[EXERCISE DETAILS]: Reproduce every entry below precisely; do not include the pictures.

[SUPPLIED DATA]:

========================================================================

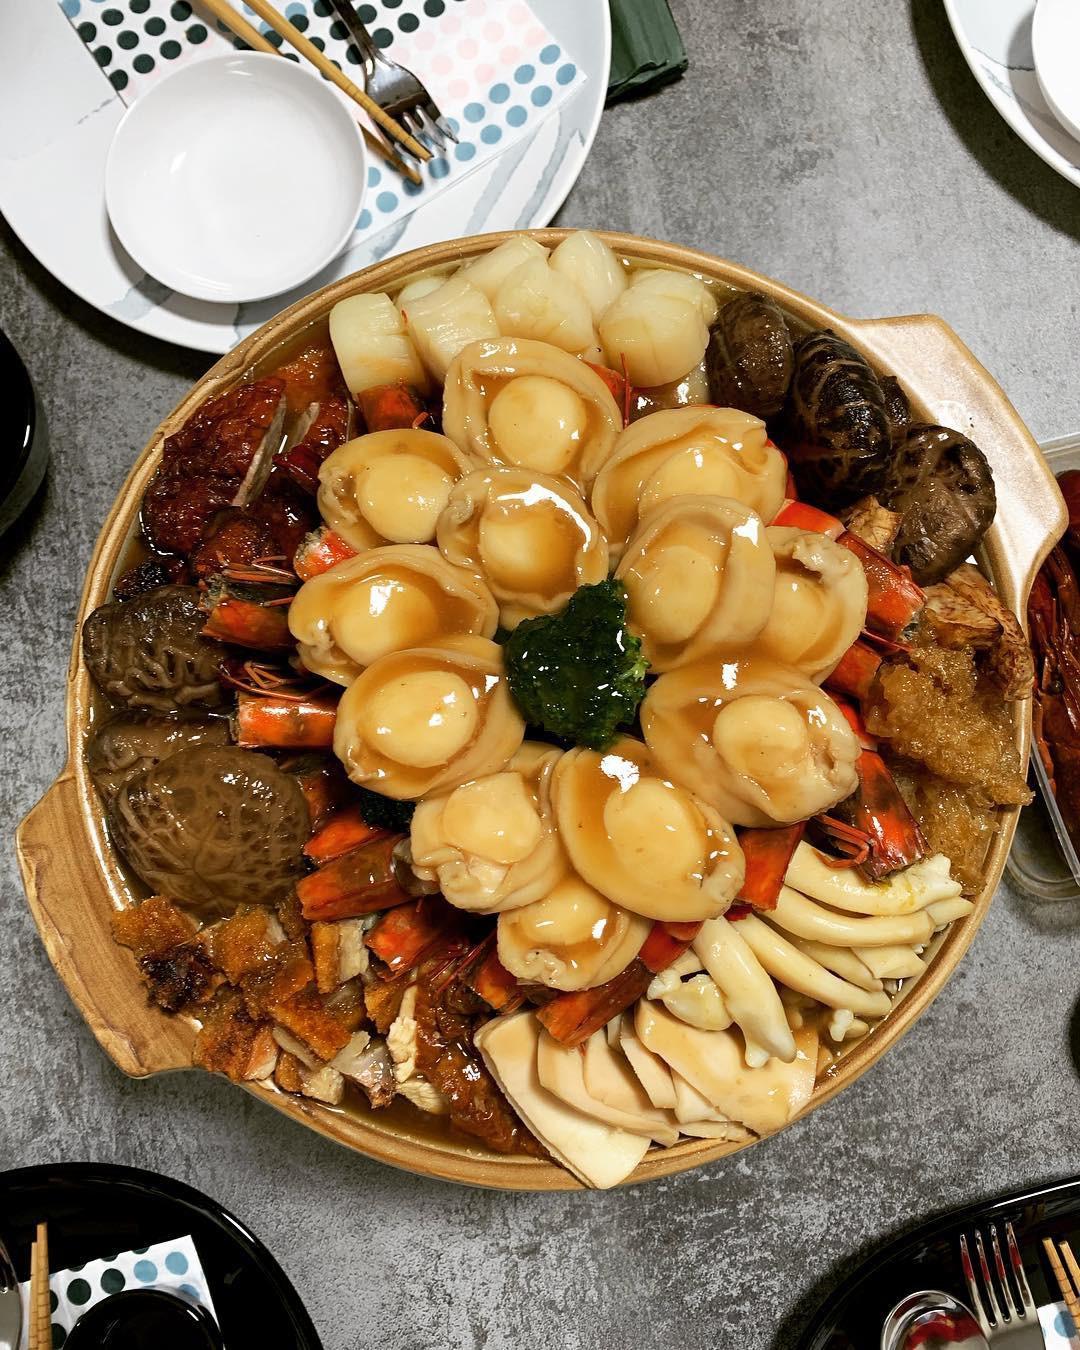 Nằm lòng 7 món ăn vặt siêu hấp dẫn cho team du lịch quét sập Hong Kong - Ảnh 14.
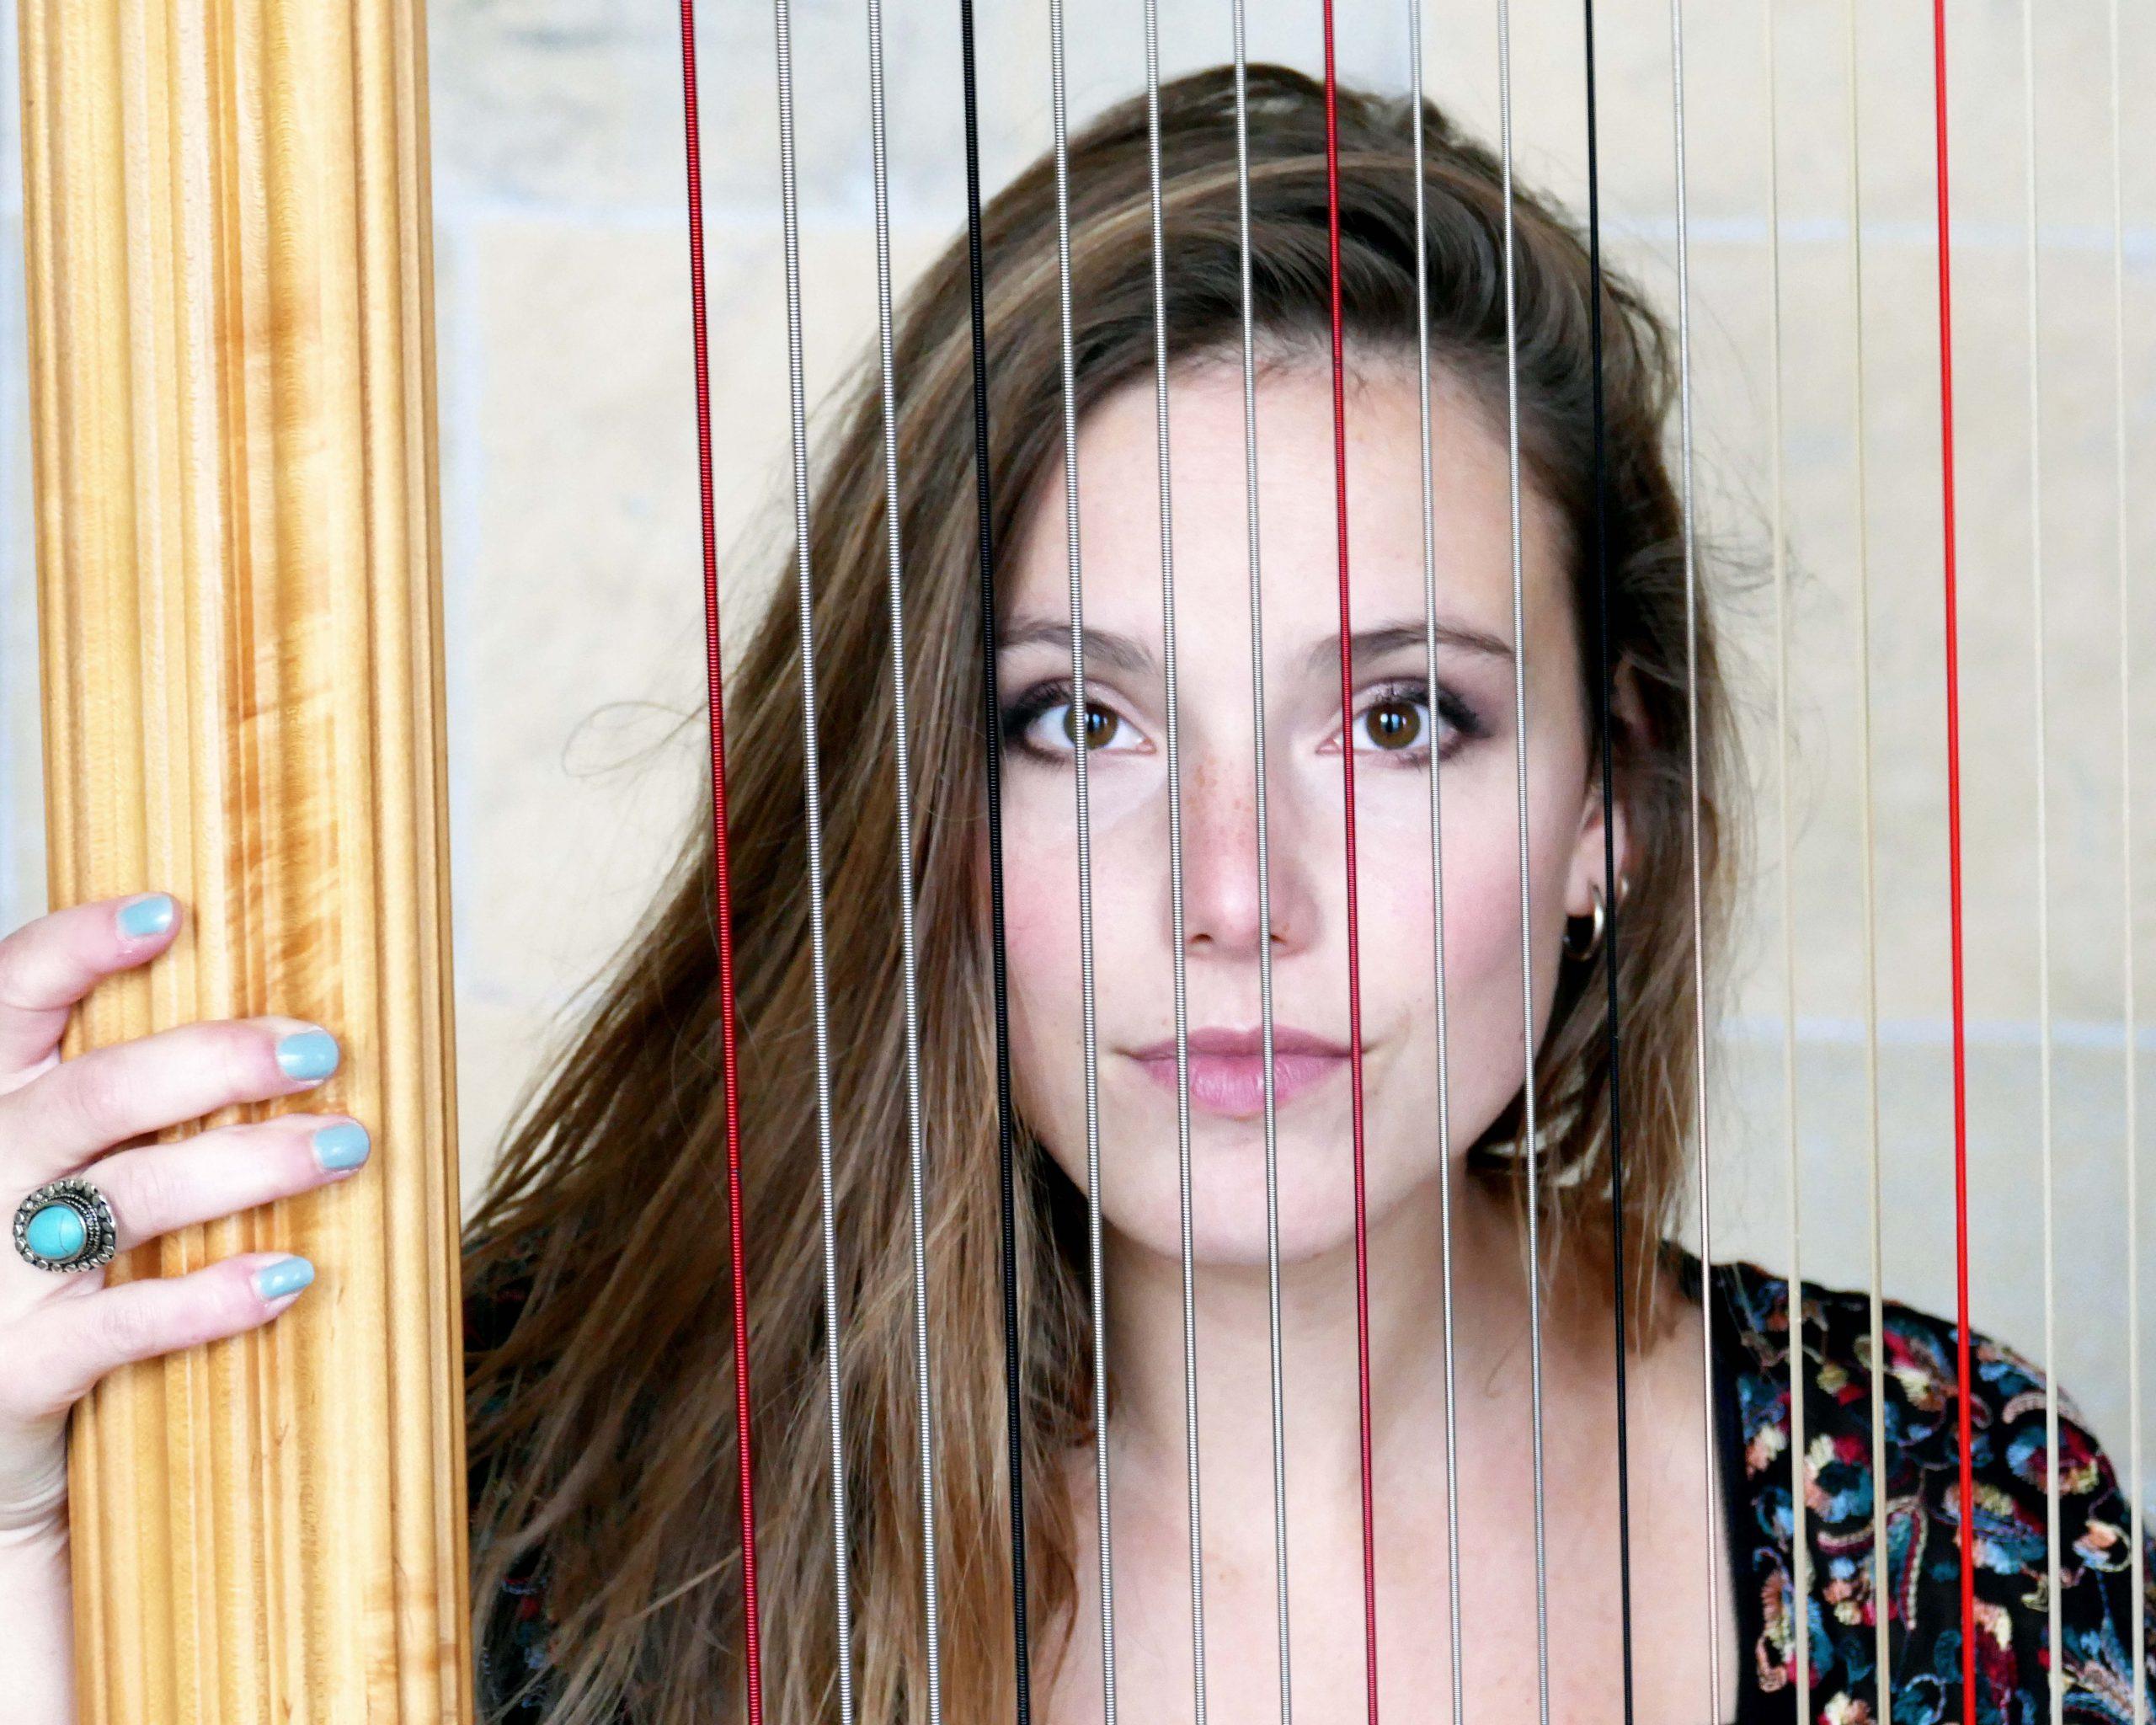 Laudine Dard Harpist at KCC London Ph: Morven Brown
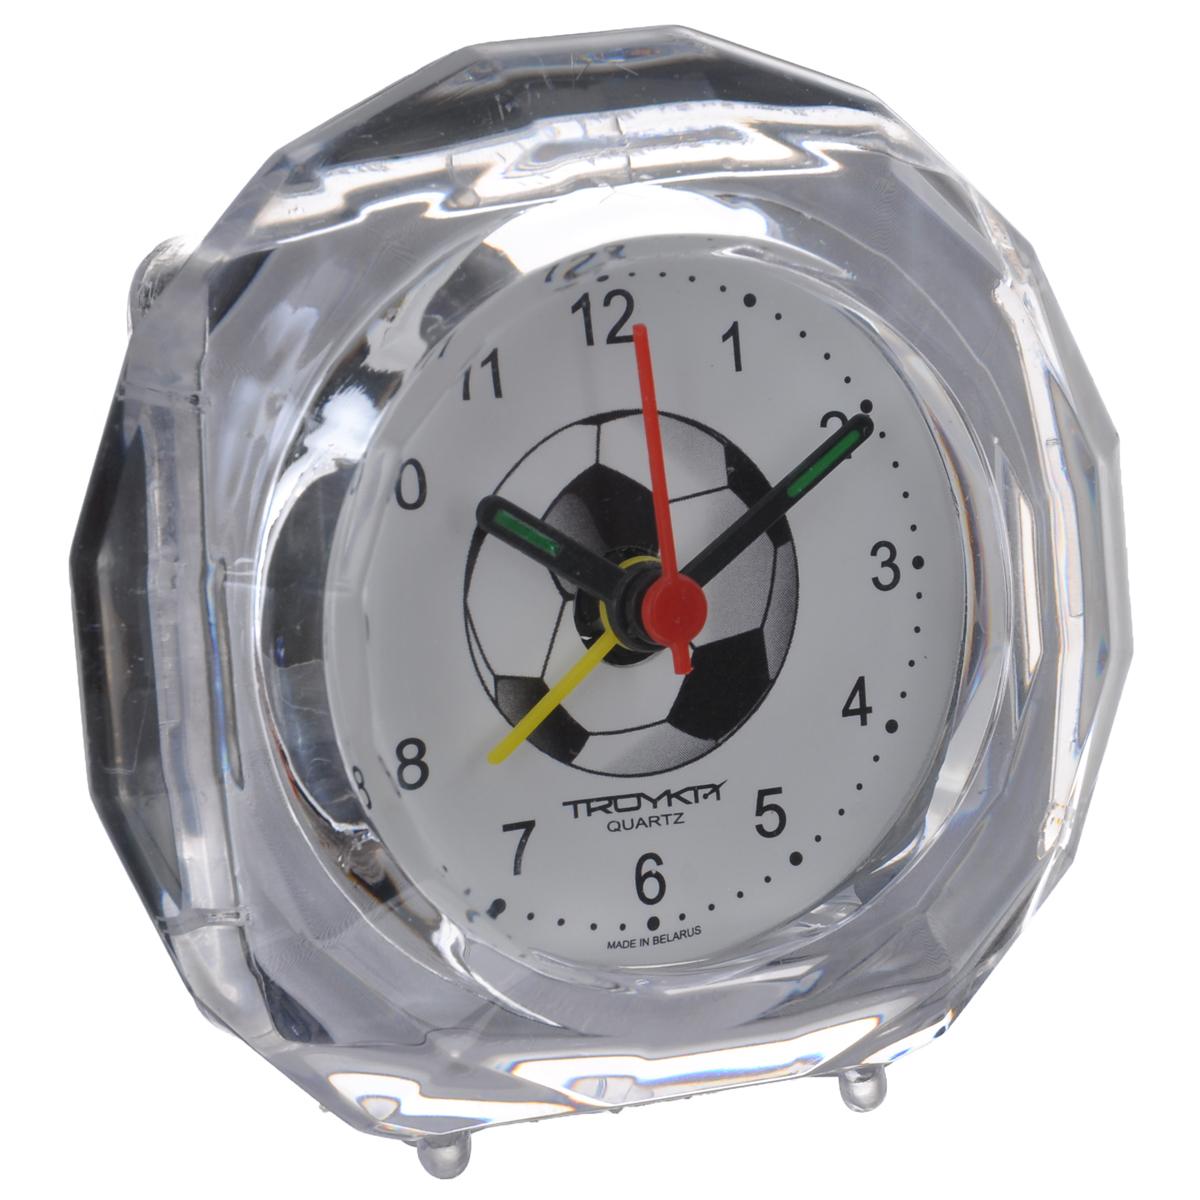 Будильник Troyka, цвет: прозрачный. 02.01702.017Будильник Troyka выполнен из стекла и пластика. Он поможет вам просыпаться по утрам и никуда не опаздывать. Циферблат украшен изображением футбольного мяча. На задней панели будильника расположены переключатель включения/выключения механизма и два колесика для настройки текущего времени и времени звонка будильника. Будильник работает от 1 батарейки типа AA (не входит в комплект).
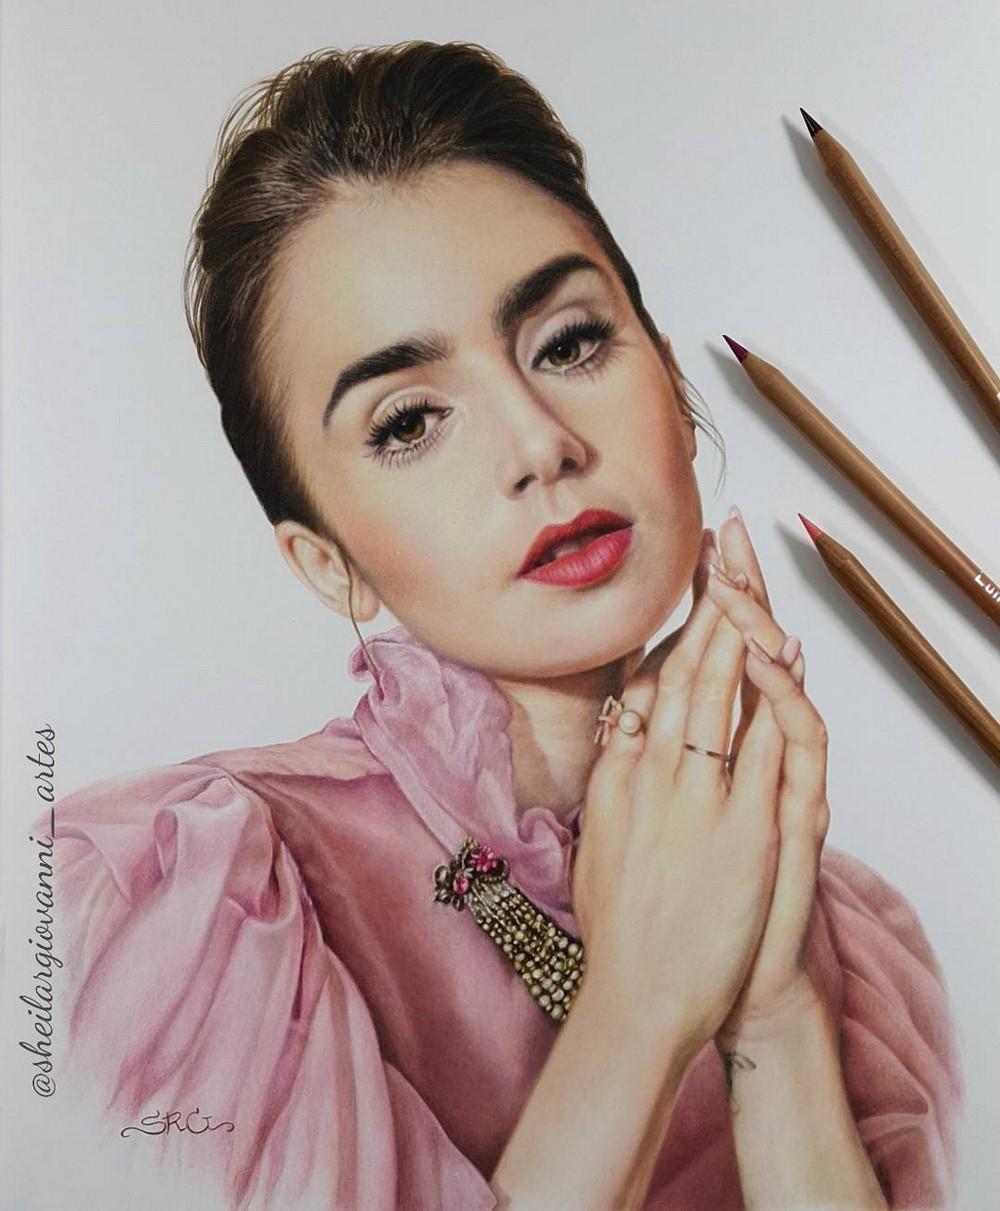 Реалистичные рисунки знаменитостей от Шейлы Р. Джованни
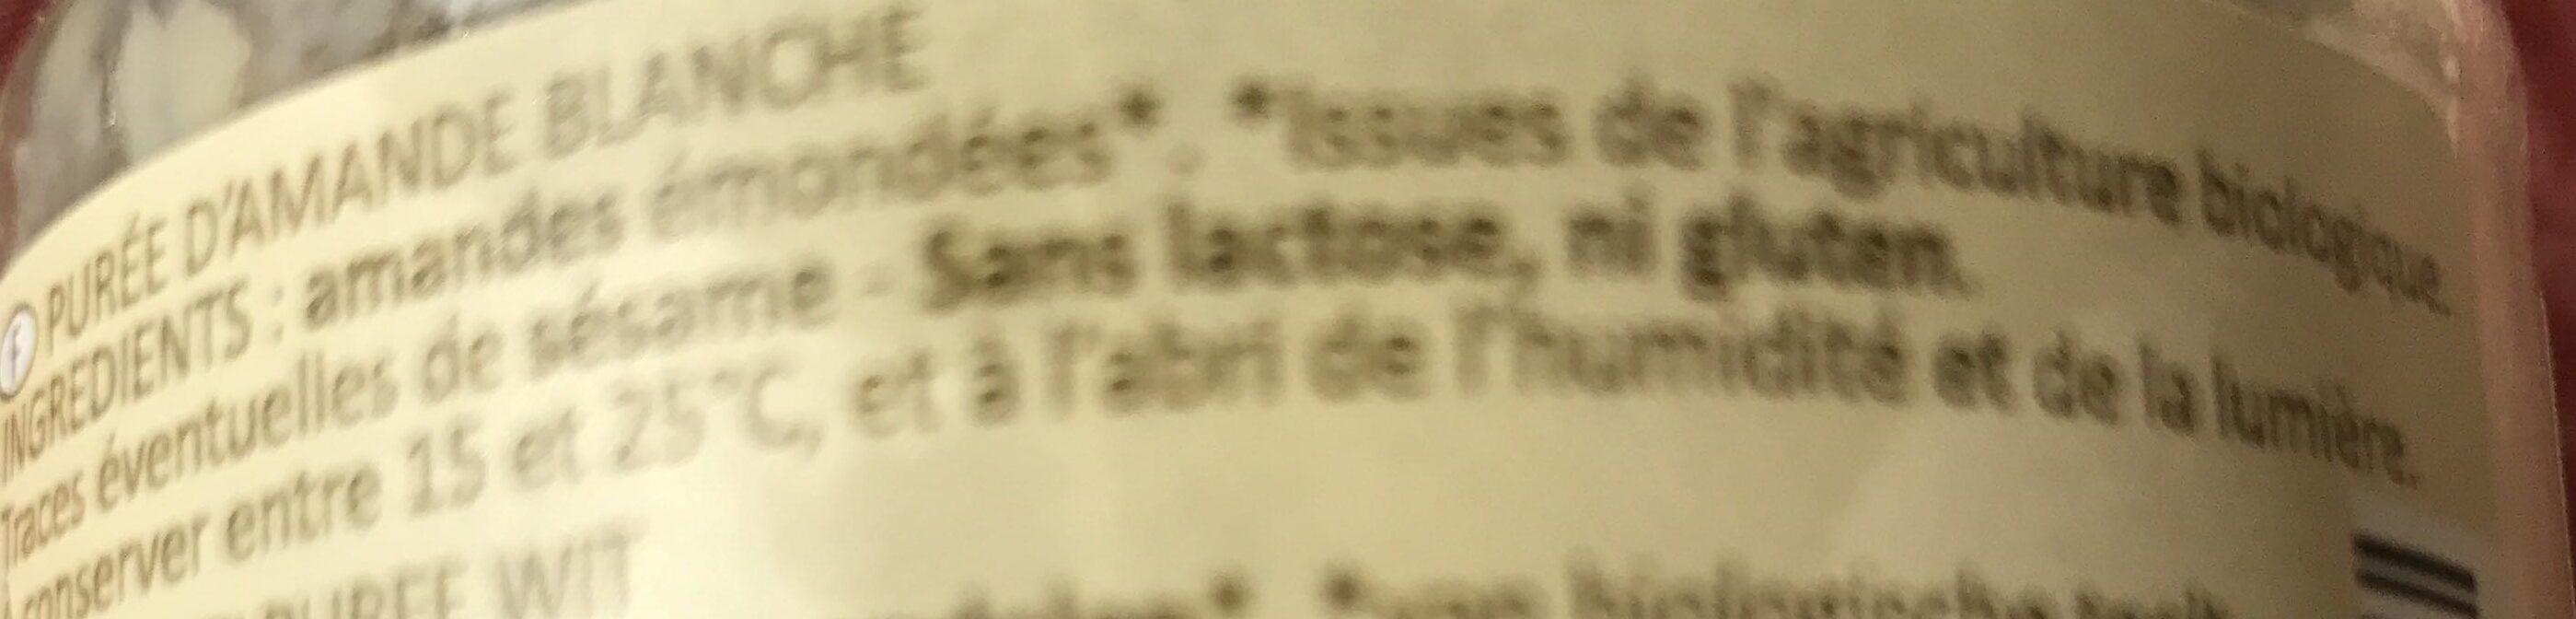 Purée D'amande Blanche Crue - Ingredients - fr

========================================================================

[RESPONSE TO THIS EXERCISE]:
 Nằm lòng 7 món ăn vặt siêu hấp dẫn cho team du lịch quét sập Hong Kong - Ảnh 14.
 Laudine Dard Harpist at KCC London Ph: Morven Brown
 Будильник Troyka, цвет: прозрачный. 02.01702.017Будильник Troyka выполнен из стекла и пластика. Он поможет вам просыпаться по утрам и никуда не опаздывать. Циферблат украшен изображением футбольного мяча. На задней панели будильника расположены переключатель включения/выключения механизма и два колесика для настройки текущего времени и времени звонка будильника. Будильник работает от 1 батарейки типа AA (не входит в комплект).
 Реалистичные рисунки знаменитостей от Шейлы Р. Джованни
 Purée D'amande Blanche Crue - Ingredients - fr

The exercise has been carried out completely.